§ Task instructions
Leave out any pictures and transcribe all other data below exactly.

§ Exercise data

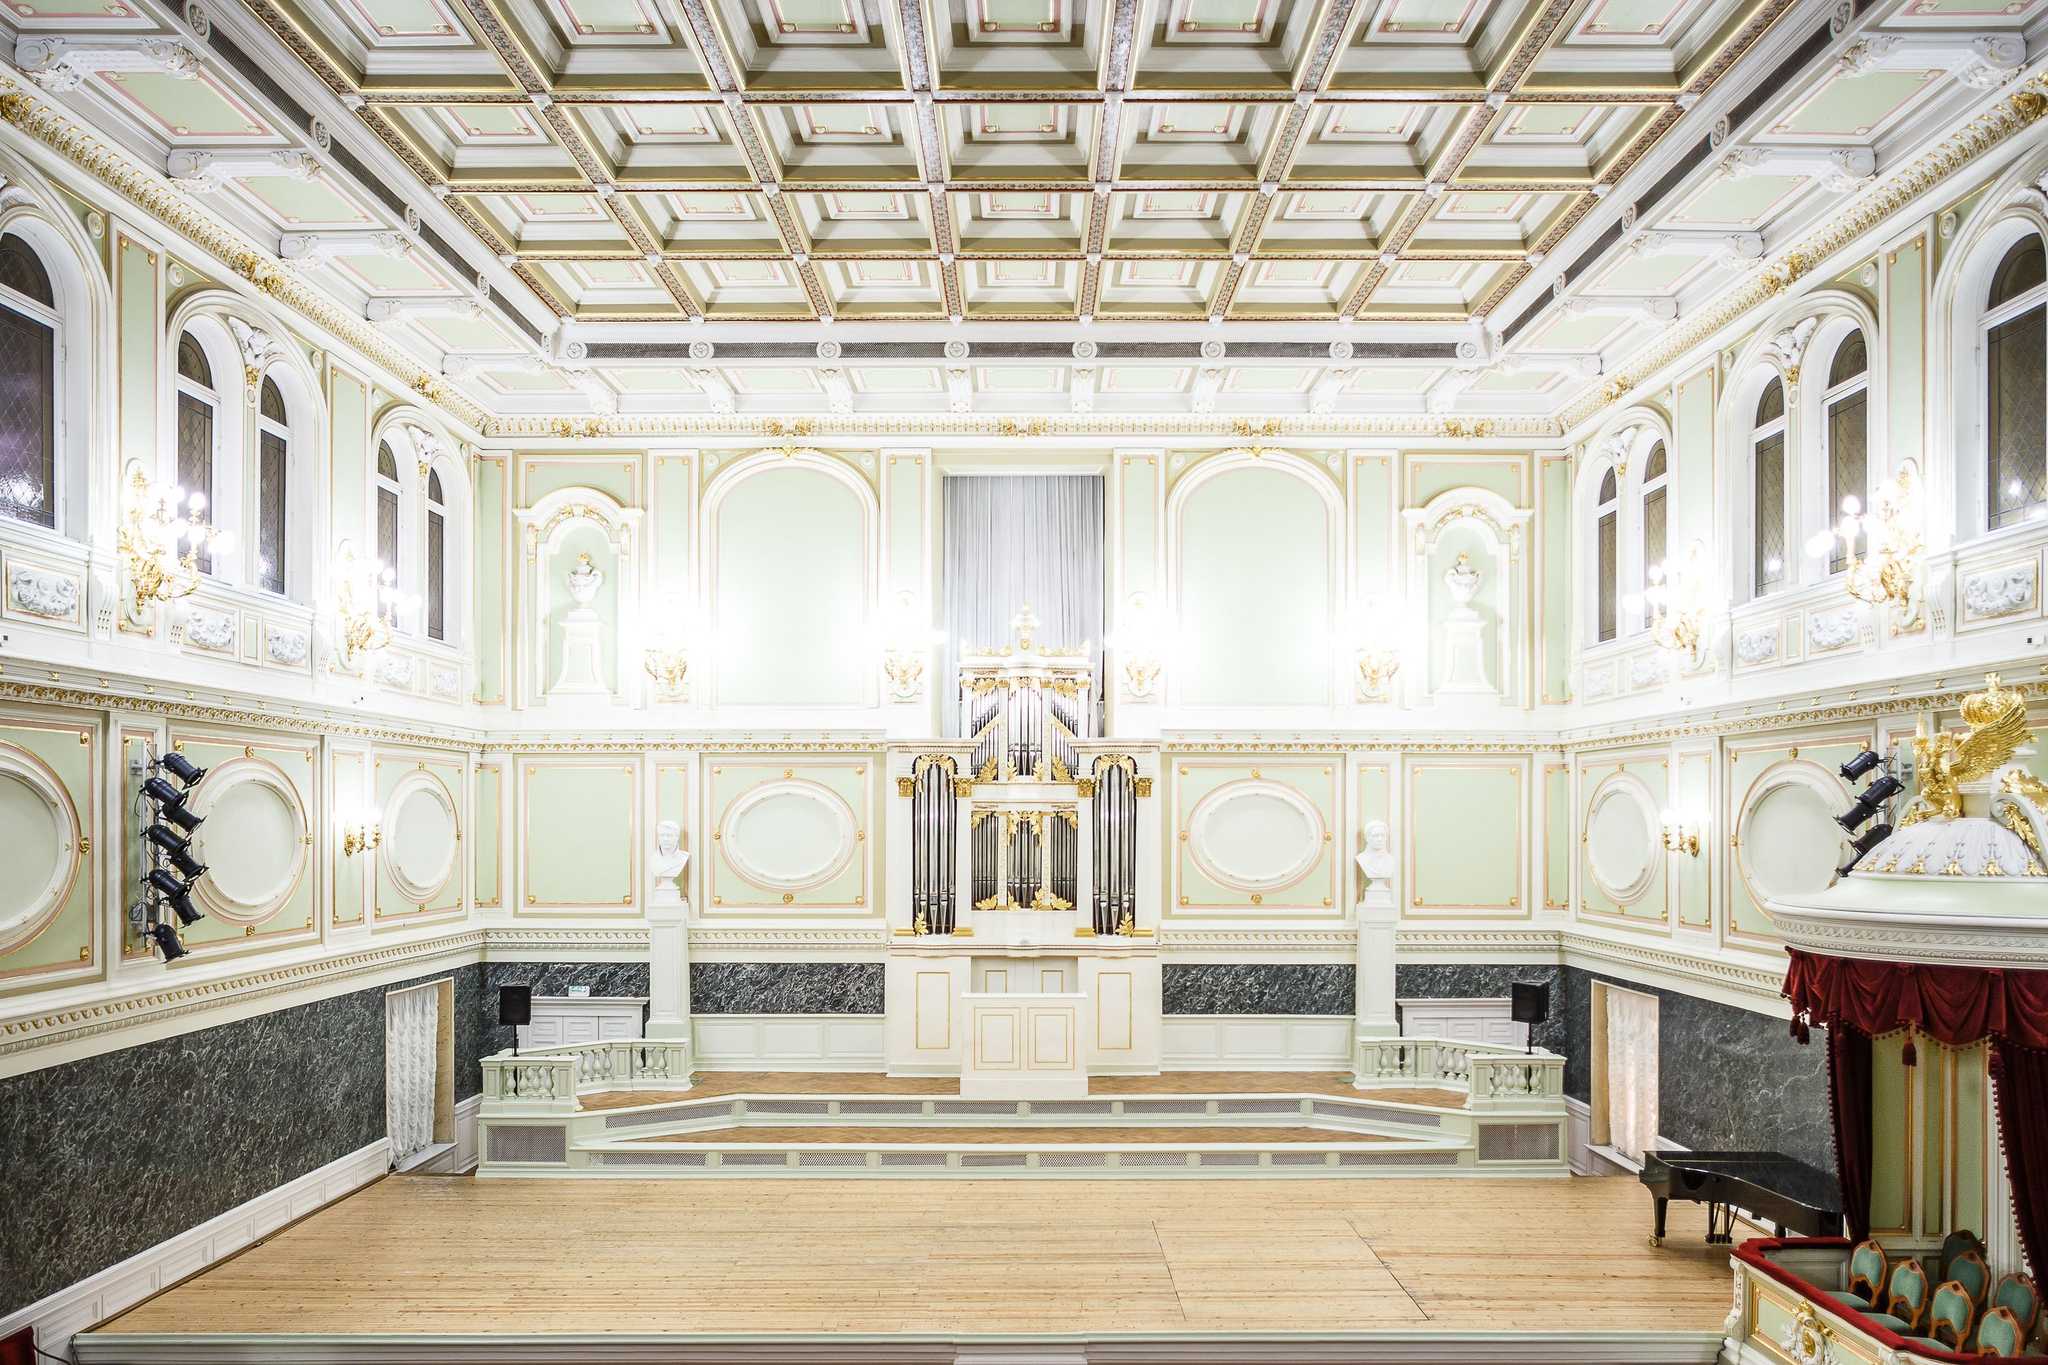 Государственная академическая капелла санкт-петербурга: дворы, залы, орган
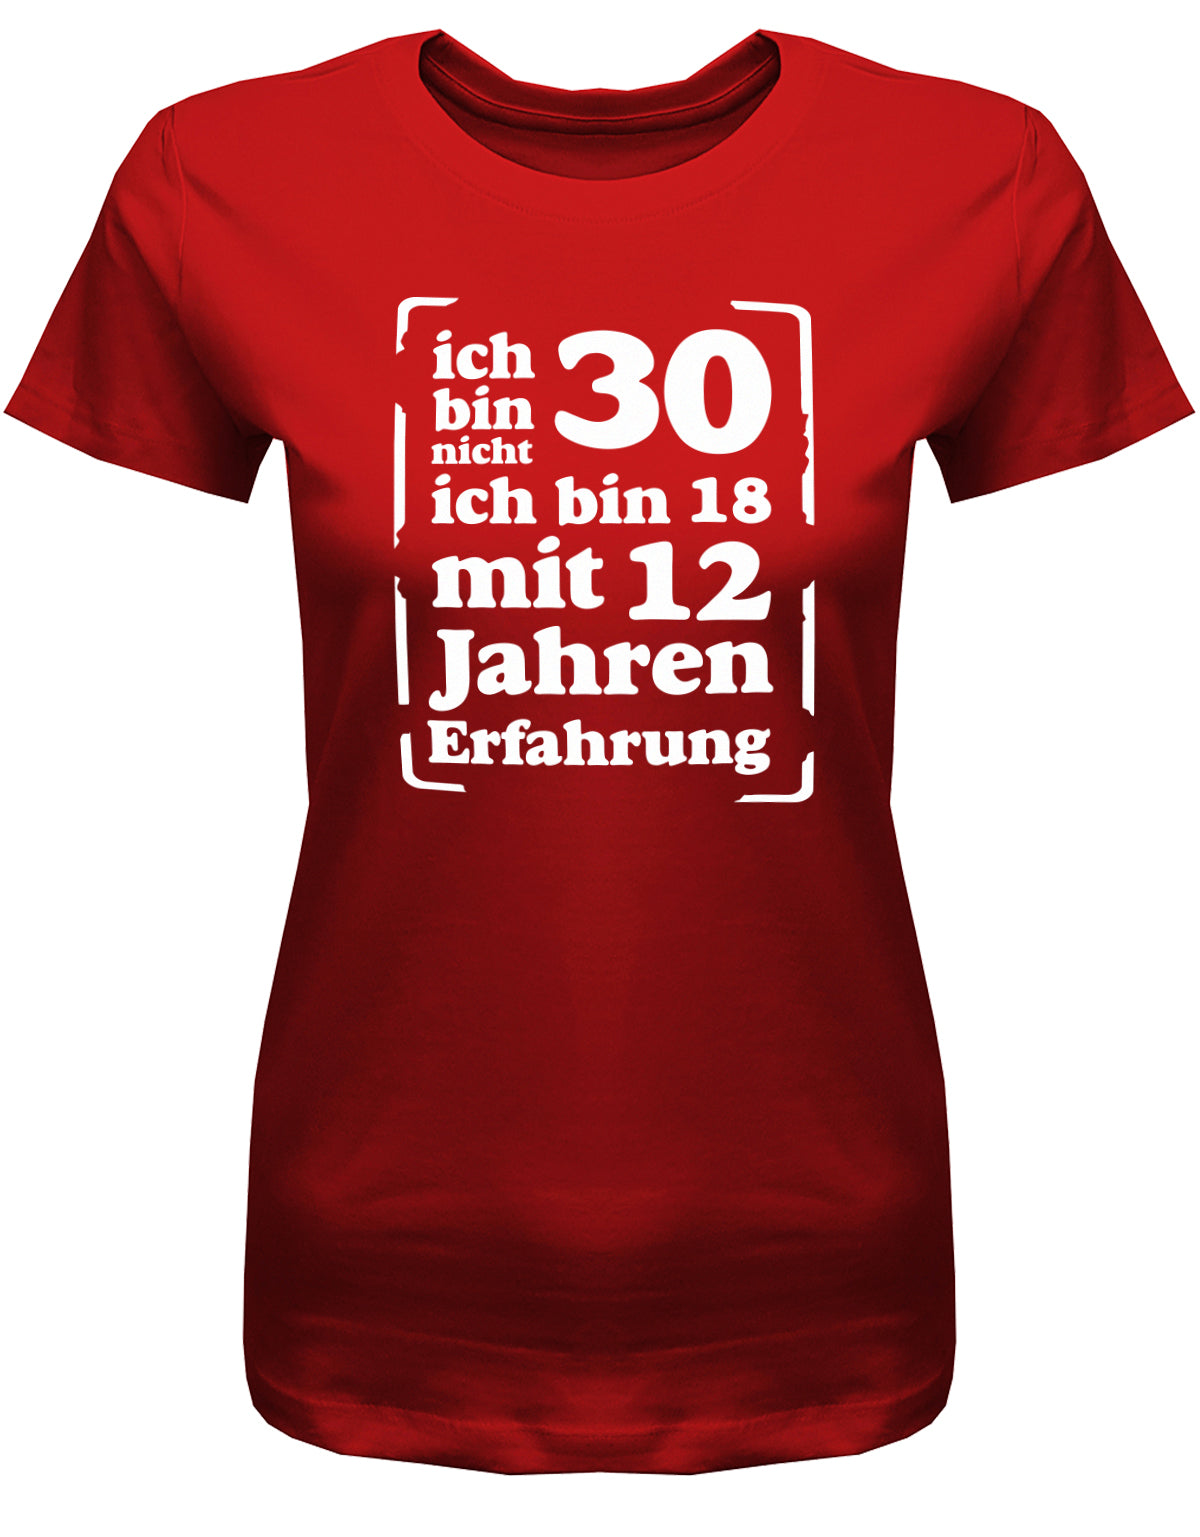 Lustiges T-Shirt zum 30. Geburtstag für die Frau Bedruckt mit: Ich bin nicht 30, ich 18, mit 32 Jahren Erfahrung. Geschenk zum 30 geburtstag Frau ✓ 1993 geburtstag Frau ✓ 30 Geburtstag tshirt ✓ shirt geburtstag 30 Rot
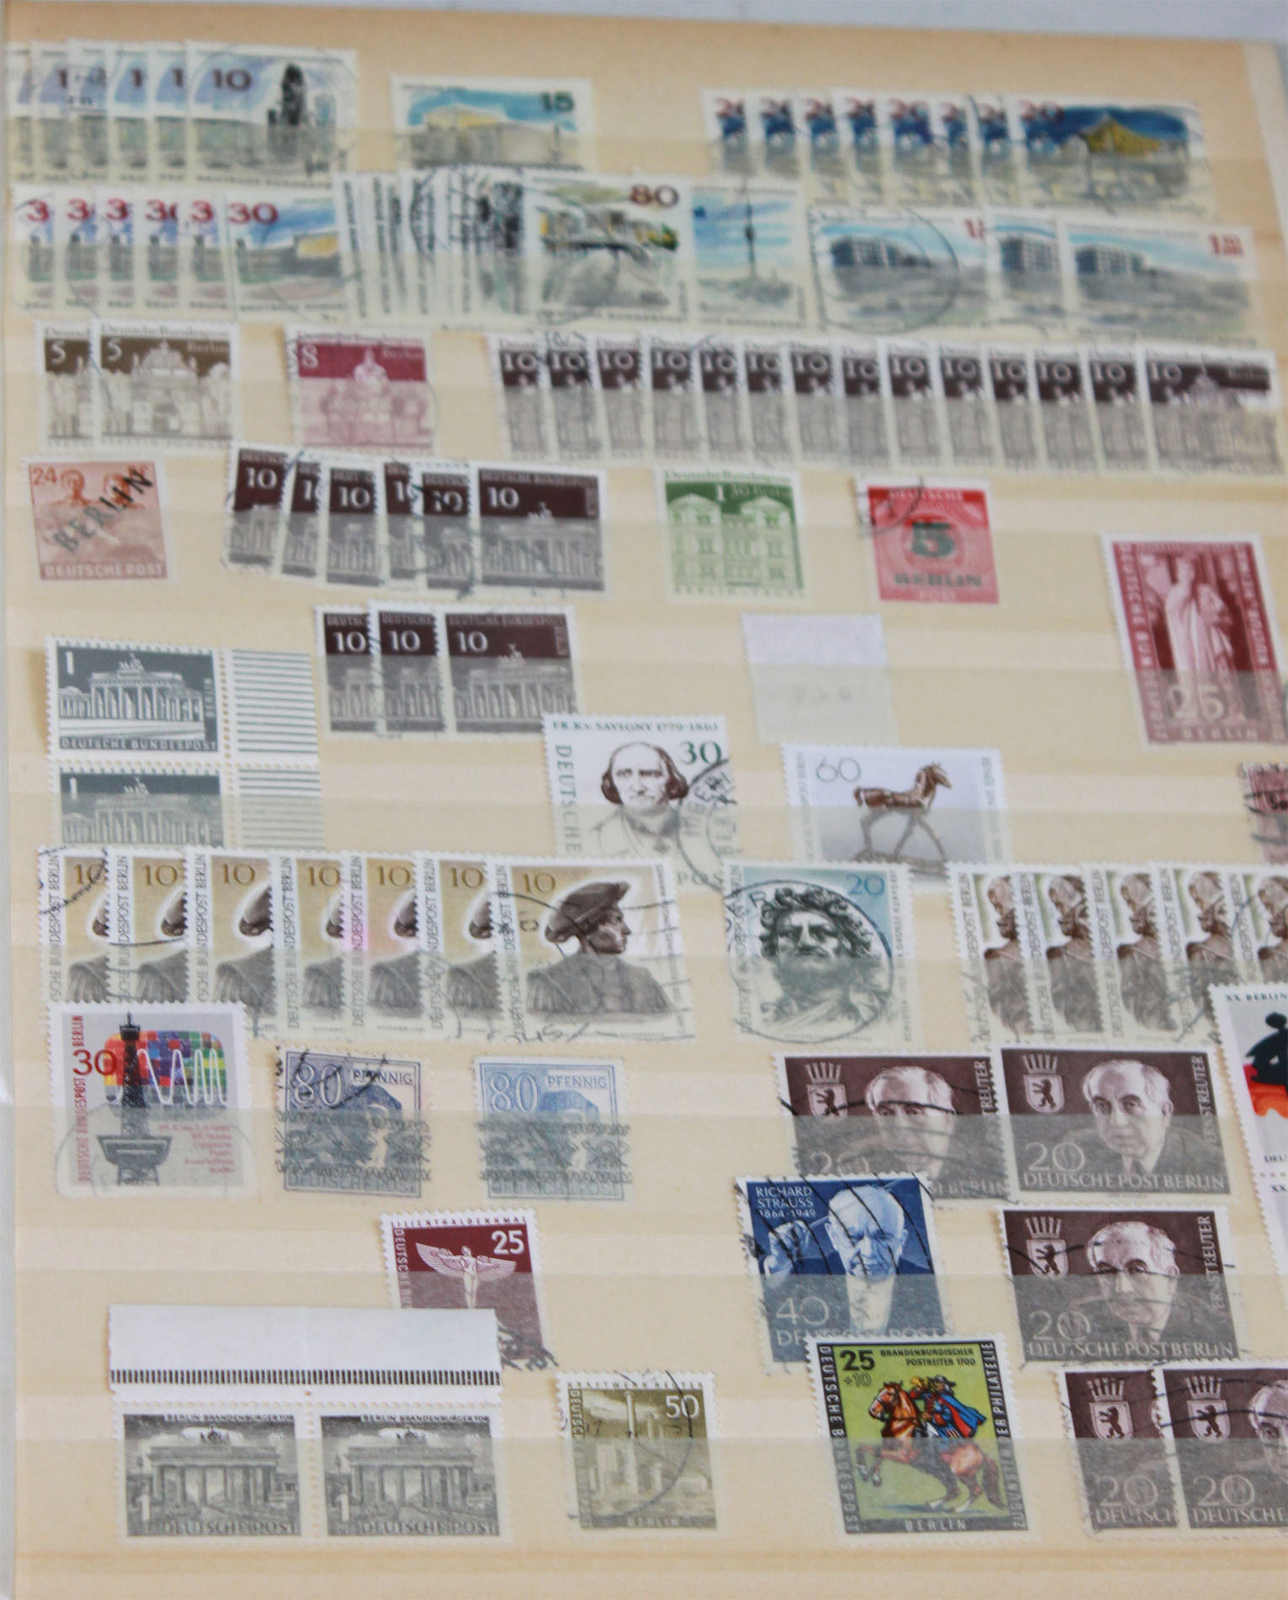 kleines Lot Briefmarkenalben, "BRD", insgesamt 6 StückMindestpreis: 15 EUR - Image 3 of 3
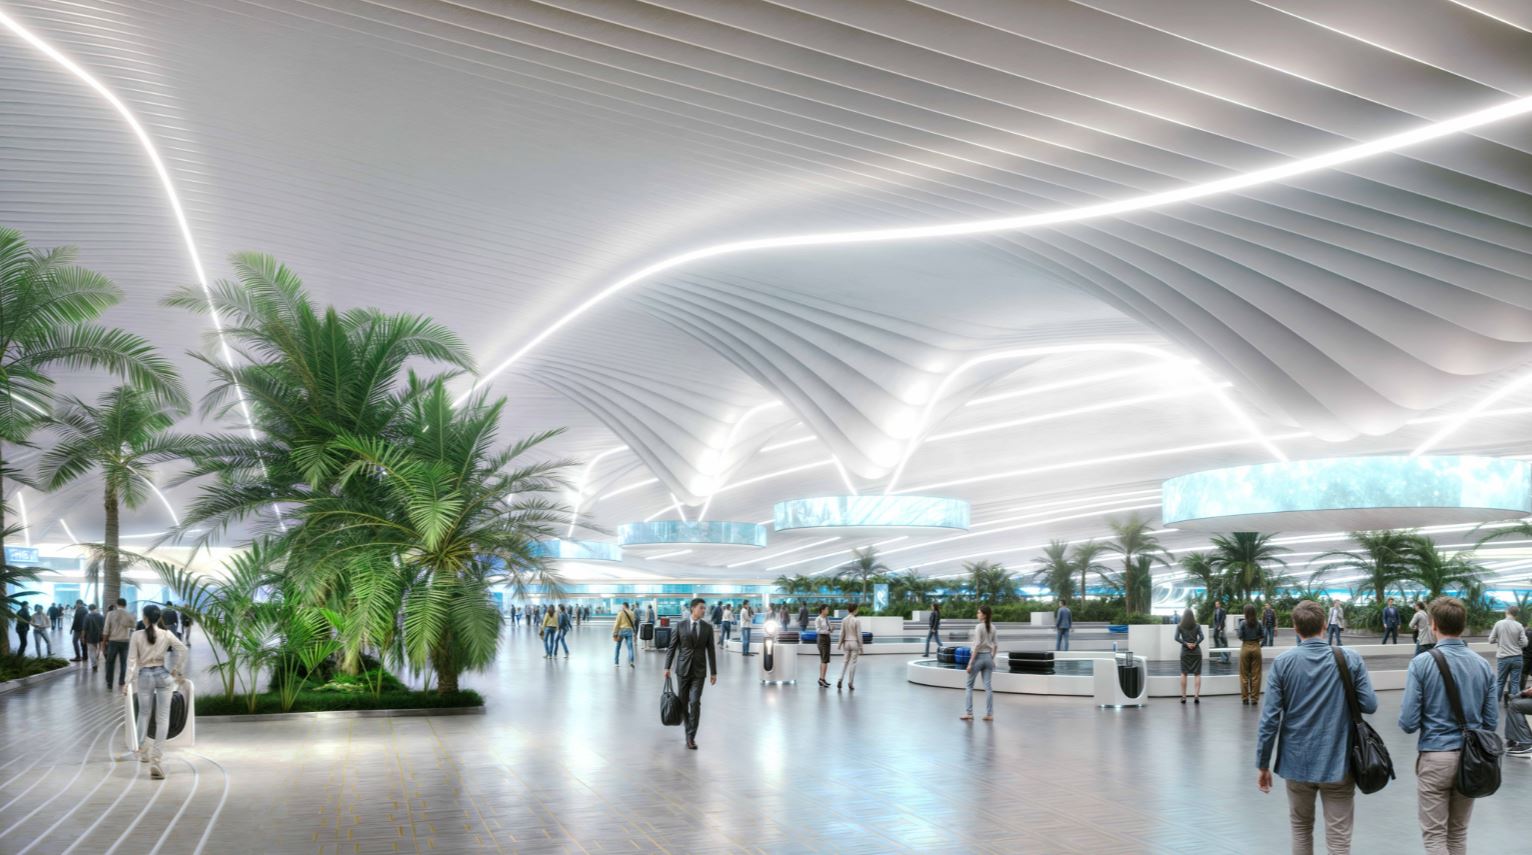 "هيئة الطيران المدني" : الإعلان عن توسعة مطار آل مكتوم يعكس النظرة المستقبلية للقيادة

§ Solved exercise
 Государственная академическая капелла санкт-петербурга: дворы, залы, орган
 Lustiges T-Shirt zum 30. Geburtstag für die Frau Bedruckt mit: Ich bin nicht 30, ich 18, mit 32 Jahren Erfahrung. Geschenk zum 30 geburtstag Frau ✓ 1993 geburtstag Frau ✓ 30 Geburtstag tshirt ✓ shirt geburtstag 30 Rot
 kleines Lot Briefmarkenalben, "BRD", insgesamt 6 StückMindestpreis: 15 EUR - Image 3 of 3
 "هيئة الطيران المدني" : الإعلان عن توسعة مطار آل مكتوم يعكس النظرة المستقبلية للقيادة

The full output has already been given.